Johann Carolus (26 March 1575 − 15 August 1634) was a German publisher of the first newspaper, called Relation aller Fürnemmen und gedenckwürdigen Historien (Account of all distinguished and commemorable stories). The Relation is recognised by the World Association of Newspapers, as well as many authors, as the world's first newspaper.

Carolus published the German-language newspaper in Strasbourg, which had the status of a free imperial city in the Holy Roman Empire and was largely German-speaking.

== Life ==
Johann Carolus was born in 1575 in Muhlbach-sur-Munster in the Holy Roman Empire. He was the son of a priest and his wife. He made an apprenticeship as a bookbinder and later worked as a bookseller, a scribe for a newspaper and as a printshop owner. Because of these professions, especially his job as scribe, he held good relationships to postmen and traders, what helped him later to create the Relation aller Fürnemmen und gedenckwürdigen Historien in 1605. Carolus died in 1634 in Strasbourg.

== Dates ==
In 2005, the World Association of Newspapers accepted evidence that the Carolus pamphlet was printed beginning in 1605, not 1609 as previously thought. The Carolus petition discovered in the Strasbourg Municipal Archive during the 1980s may be regarded as the birth certificate of the newspaper:

Whereas I have hitherto been in receipt of the weekly news advice [handwritten news reports] and, in recompense for some of the expenses incurred yearly, have informed yourselves every week regarding an annual allowance; Since, however, the copying has been slow and has necessarily taken much time, and since, moreover, I have recently purchased at a high and costly price the former printing workshop of the late Thomas Jobin and placed and installed the same in my house at no little expense, albeit only for the sake of gaining time, and since for several weeks, and now for the twelfth occasion, I have set, printed and published the said advice in my printing workshop, likewise not without much effort, inasmuch as on each occasion I have had to remove the formes from the presses …"

Soon the Relation was followed by other periodicals, such as, the Avisa Relation oder Zeitung.

If a newspaper is defined by the functional criteria of publicity, seriality, periodicity, and currency or actuality (that is, as a single current-affairs series published regularly at intervals short enough for readers to keep abreast of incoming news) then Relation was the first European newspaper.

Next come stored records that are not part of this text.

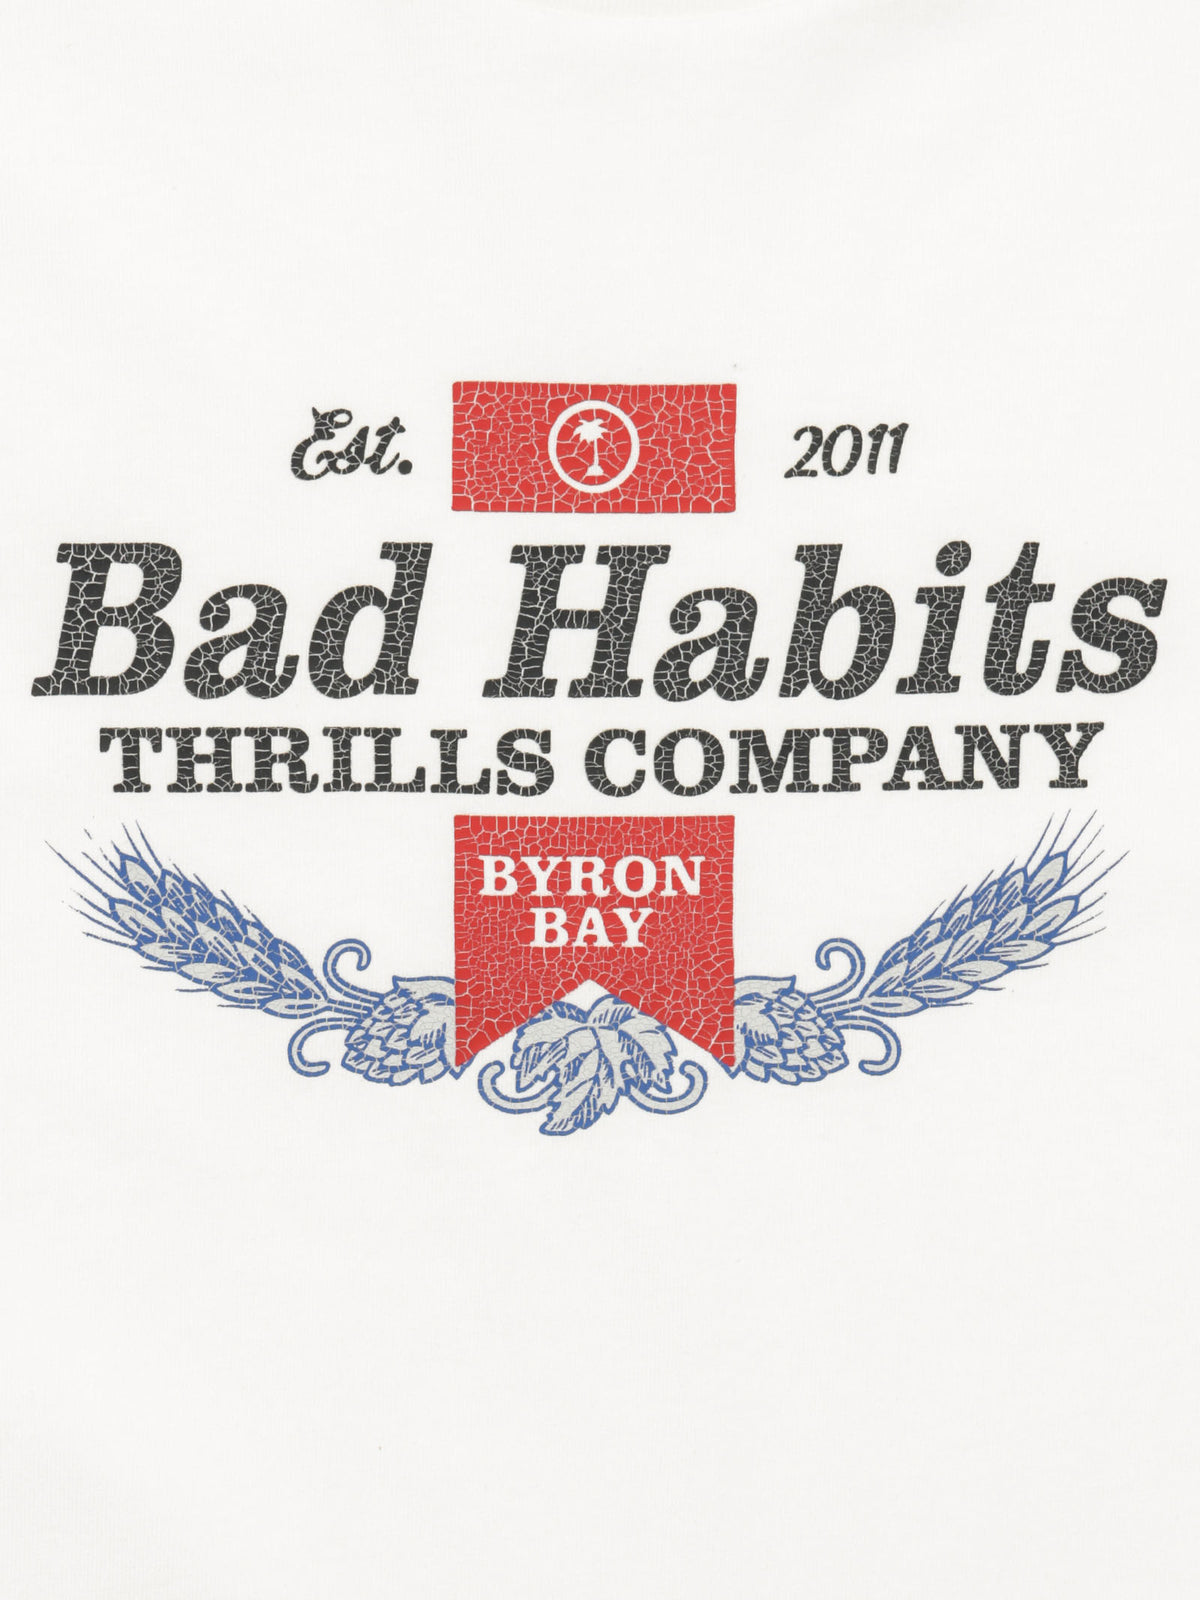 Bad Habits Merch T-Shirt in Dirty White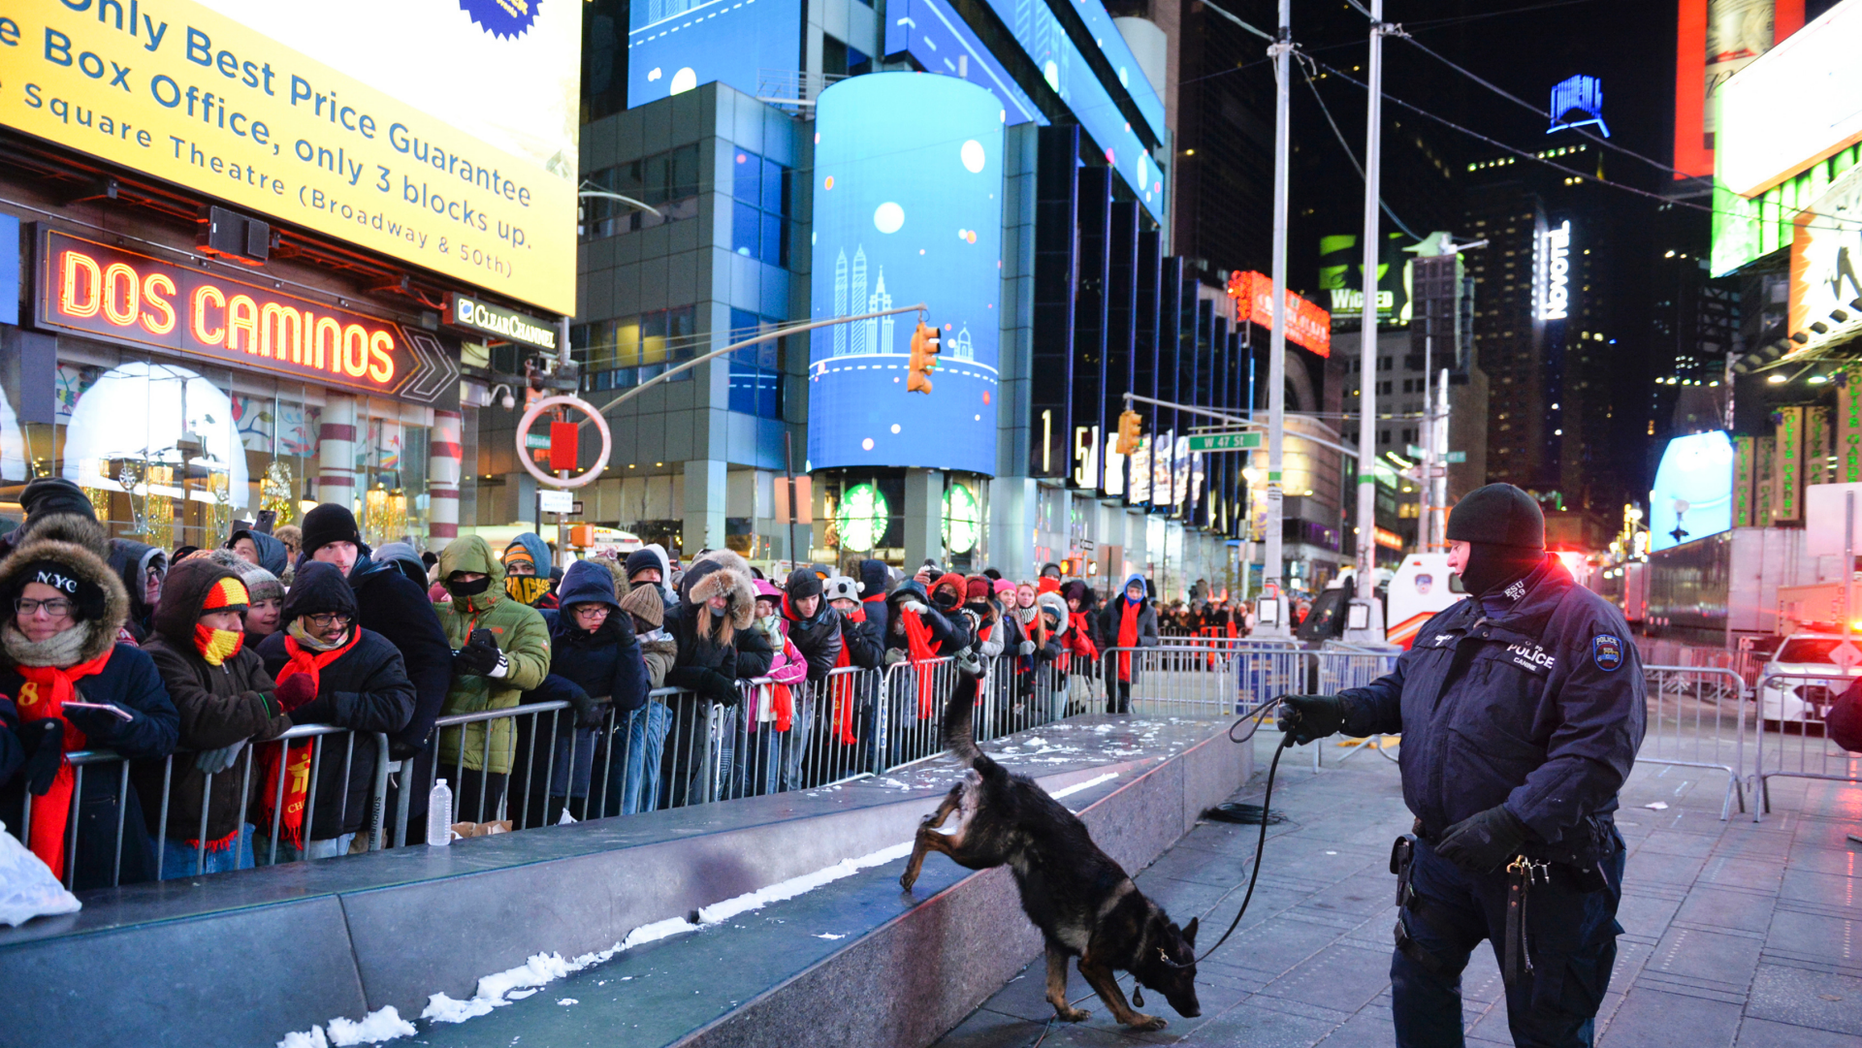 Ring in the new: NYPD drone to oversee Times Square revelry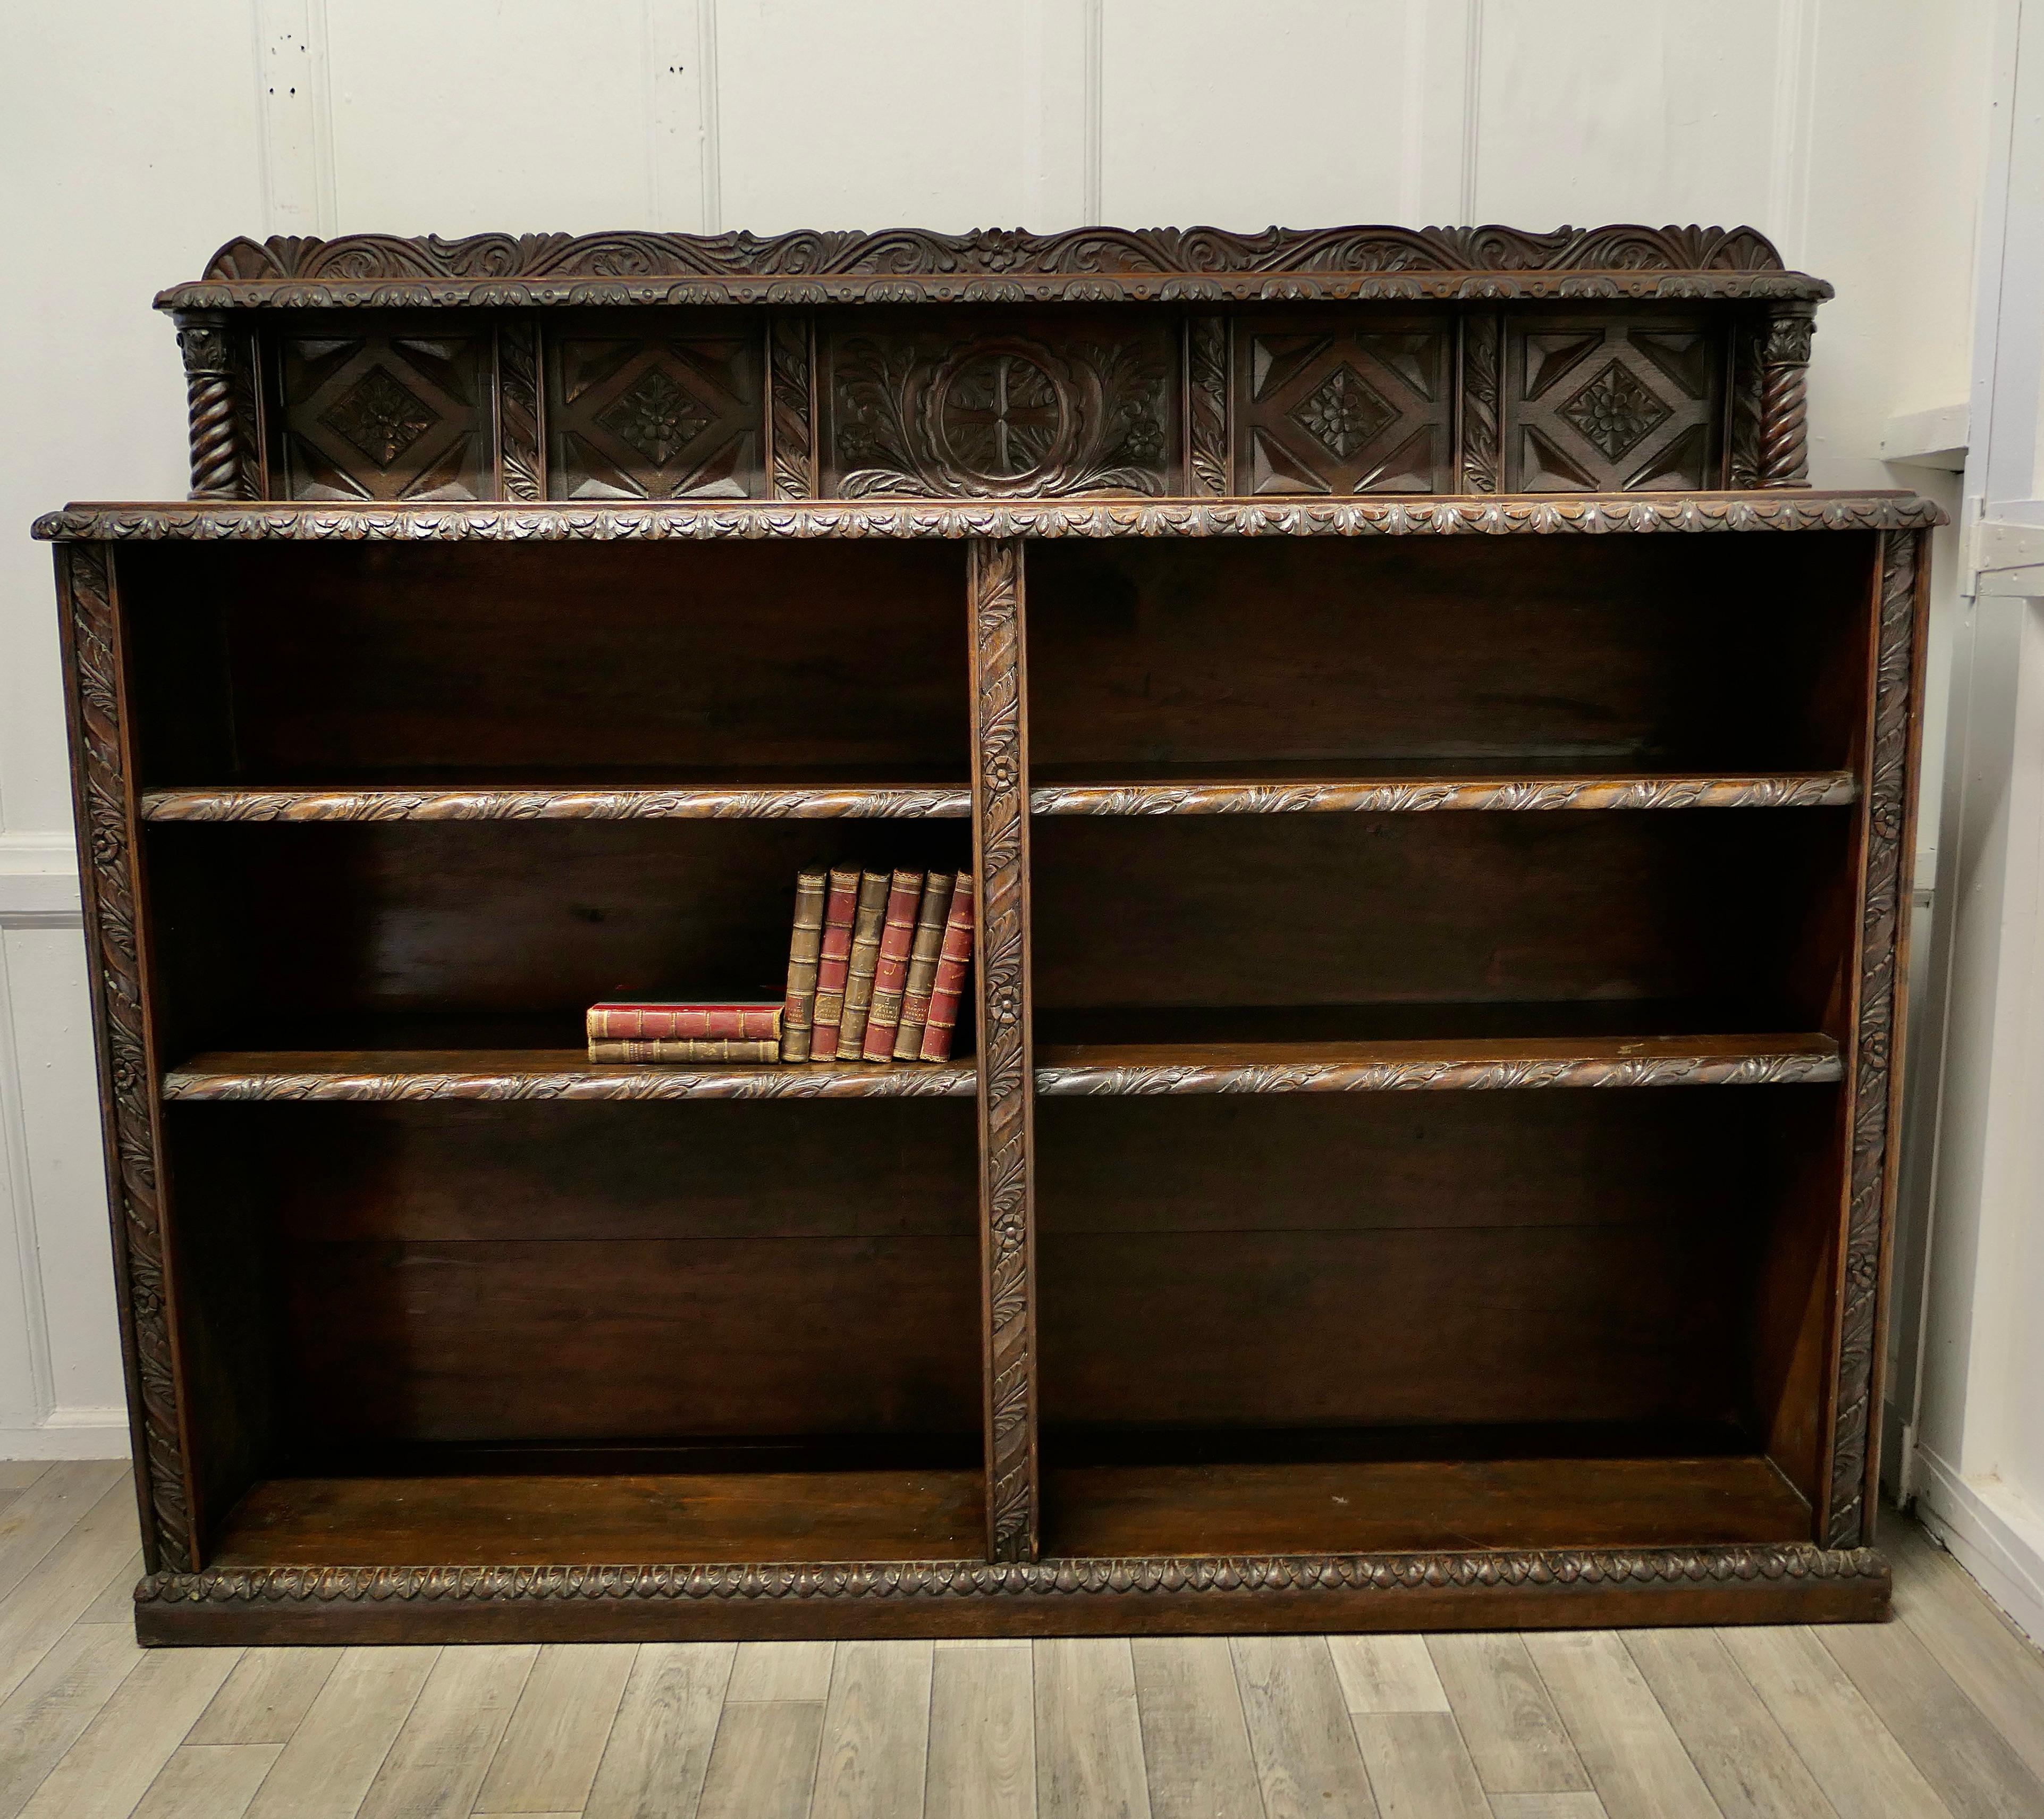 Long carved Arts and Crafts Gothic oak open book case

The book case is in carved oak, it is double length with a small carved shelved galleried back.
Both sides of the bookcase have 3 storage sections, the top shelf is 9” high, the next is 10”

However the English historian of printing Stanley Morison held that the Relation should be classified as a newsbook, on the grounds that it still employed the format and most of the conventions of a book: it is printed in quarto size and the text is set in a single wide column. By Morison's definition, the world's first newspaper would be the Dutch Courante uyt Italien, Duytslandt, &c. from 1618. By the same definition no German, English, French, or Italian weekly or daily news publications from the first half of the seventeenth century could be considered "newspapers" either. As noted above, the World Association of Newspapers and many others have not adopted his definition.

== See also ==

- List of newspapers by date

== Sources ==
- Fischer, Heinz-Dietrich (1972). "Deutsche Zeitungen des 17. bis 20. Jahrhunderts"
- Weber, Johannes (2006). "Strassburg, 1605: The Origins of the Newspaper in Europe"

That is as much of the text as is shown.